Os índices assustadores não param por aí. Um levantamento realizado pela federação mostrou que as despesas gastas pelo governo com a enfermidade são altas. Nos Estados Unidos, o custo do tratamento, tanto no setor público quanto no privado, gira em torno de assombrosos US$ 98 bilhões. No Brasil, um estudo feito no Hospital Universitário da Universidade Federal do Rio de Janeiro (UFRJ) revelou que cuidar da diabete é três vezes mais caro do que tratar doenças cardiovasculares e respiratórias, por exemplo. “Isso porque o tempo de permanência dos pacientes no hospital é maior, devido às complicações decorrentes da doença”, explica o endocrinologista José Egídio de Oliveira, um dos coordenadores do trabalho. A diabete pode provocar sérios prejuízos ao corpo, como infarto, derrame e até cegueira. Sem falar que o mal encurta a vida do paciente em dez anos, em média. “A doença já é considerada um problema de saúde pública”, disse o médico Robert Sherwin, presidente da Associação Americana de Diabetes (ADA), entidade que reuniu em congresso mais de dez mil especialistas do mundo há duas semanas, na Filadélfia, nos Estados Unidos.

Alimentação – Por causa das estatísticas sombrias, a ciência está empenhada em encontrar soluções. Mas de nada adianta esse esforço se a pessoa não recorrer a uma arma decisiva contra a diabete: a mudança do estilo de vida. Isso significa adotar uma dieta saudável e a prática de exercícios. “Vários estudos mostraram que uma alimentação rica em frutas e verduras e meia hora de exercícios diariamente ajudam no controle da diabete”, diz o endocrinologista Adolpho Milech, da UFRJ. Dessa maneira, também é possível manter baixo os níveis de colesterol, triglicérides, pressão arterial e peso, indicadores de risco para a diabete quando estão elevados. “Isso é importante porque 70% dos diabéticos morrem de problemas cardiovasculares ligados a esses fatores”, reforça Oliveira, também da UFRJ.

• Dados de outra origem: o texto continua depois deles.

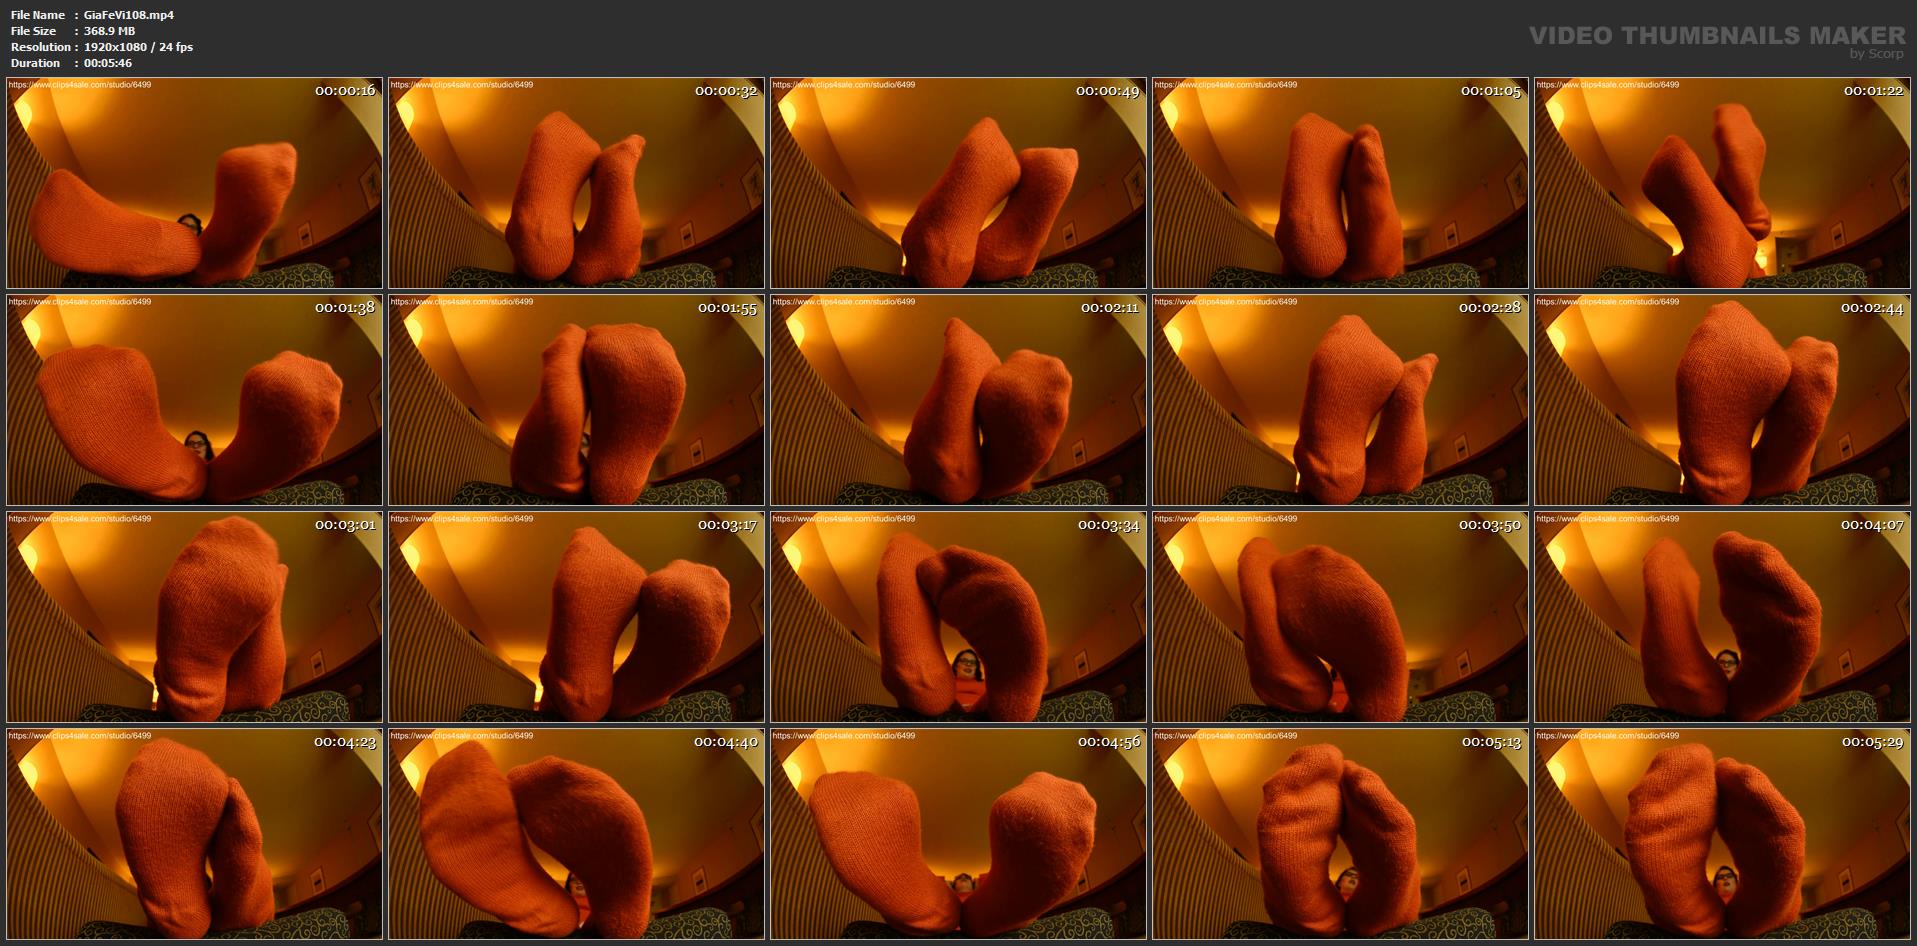 Velma's Giant Socked Soles - GIANTESS FETISH VIDS - FULL HD/1080p/MP4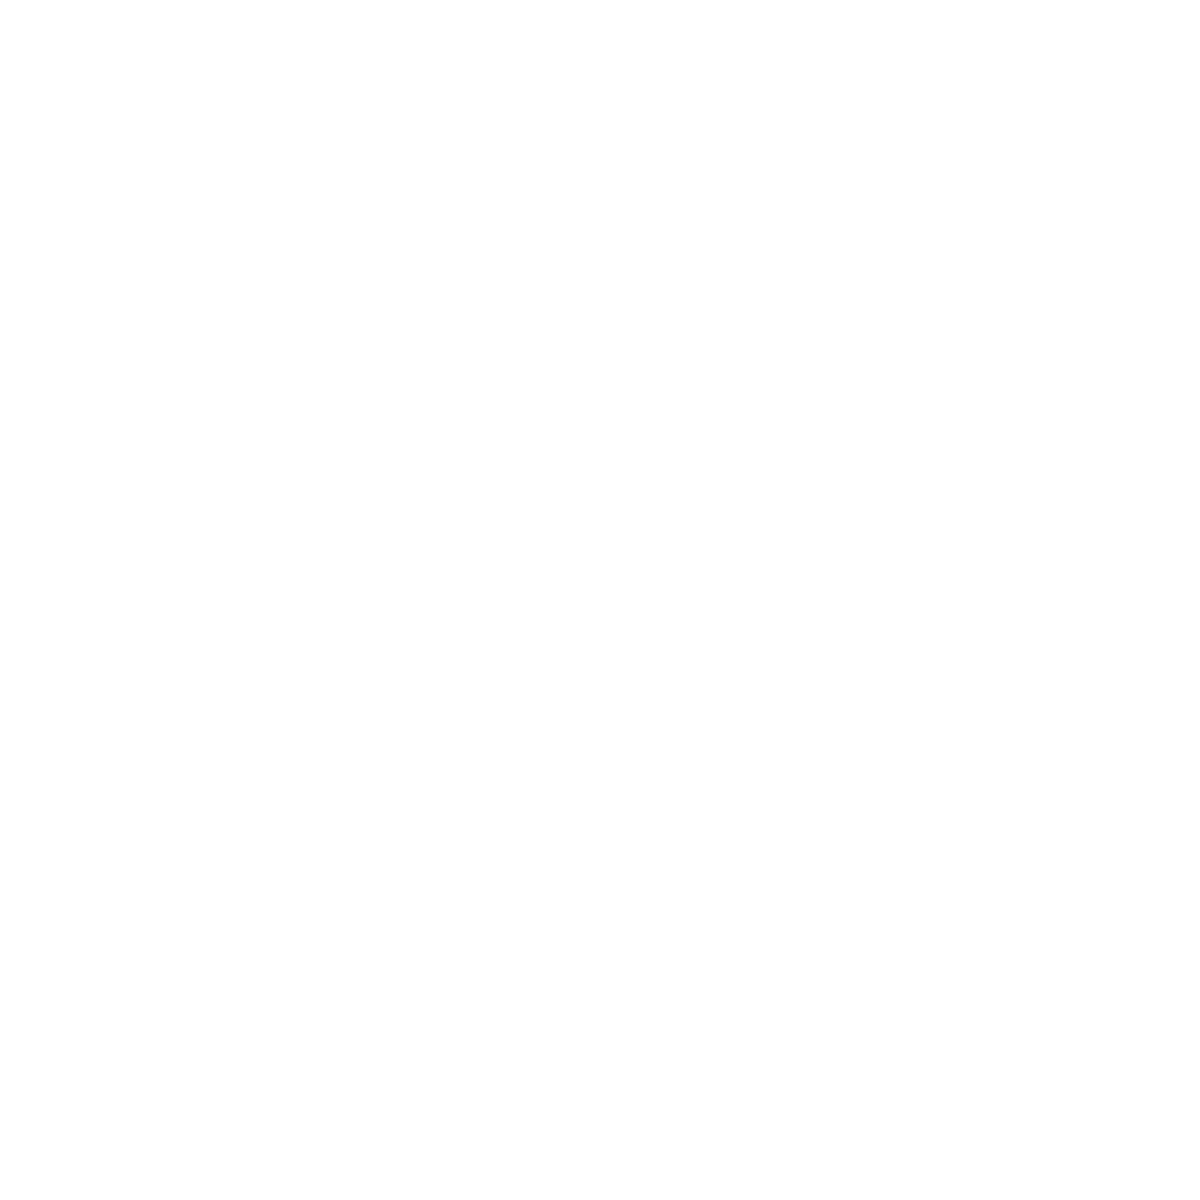 Sierbetonklinker Zwart | Keiformaat | 10x20x6cm

A medicina está tão preocupada em ajudar os diabéticos a lidar melhor com a doença que o Centro Internacional de Diabete, em Minneapolis (EUA), criou uma dieta mais flexível contagem de carboidratos. A novidade já é adotada por alguns especialistas do Brasil. Trata-se de um método mais flexível. Ele não precisa deixar de comer um doce ou uma bela macarronada, por exemplo. Mas deve saber a quantidade desses alimentos que pode ingerir por dia. Para cada porção ingerida, necessita tomar uma certa quantidade de insulina. A dieta deve ser orientada por um médico. “Ela não incentiva o paciente a comer doce, mas permite gerenciar o uso do açúcar e carboidratos na alimentação”, ensina a endocrinologista Silmara Leite, do Centro de Diabetes de Curitiba.

Crianças – Gerenciar a alimentação nem sempre é fácil. A correria do dia-a-dia muitas vezes faz com que as pessoas prefiram comer um hambúrguer em vez de uma refeição balanceada. Sem falar na falta de tempo para a atividade física. O pior é que as crianças estão seguindo o mesmo caminho. Repare como seus filhos costumam passar horas na frente da televisão, comendo exageradamente sanduíches, batata frita, tomando refrigerante e quase não praticando esportes. Esse quadro contribui para agravar a obesidade na infância. Nos Estados Unidos, já são seis milhões de crianças obesas. O que ninguém sabia é que por causa disso algumas delas já estão tendo diabete do tipo 2 (a mais comum, atingindo 90% dos casos). Vale lembrar que a doença costuma atacar adultos acima de 40 anos. A informação foi divulgada no congresso americano. “É assustador”, confessa o endocrinologista Antônio Chacra, da Universidade Federal de São Paulo. Os americanos também ficaram pasmos com essa novidade e já pensam em diminuir as exageradas porções de comida. Quanto ao Brasil, não há dados. Mesmo assim os especialistas estão alertas. “Os pais precisam ficar atentos à alimentação dos filhos, pois eles podem seguir o mesmo caminho das crianças americanas”, diz Chacra.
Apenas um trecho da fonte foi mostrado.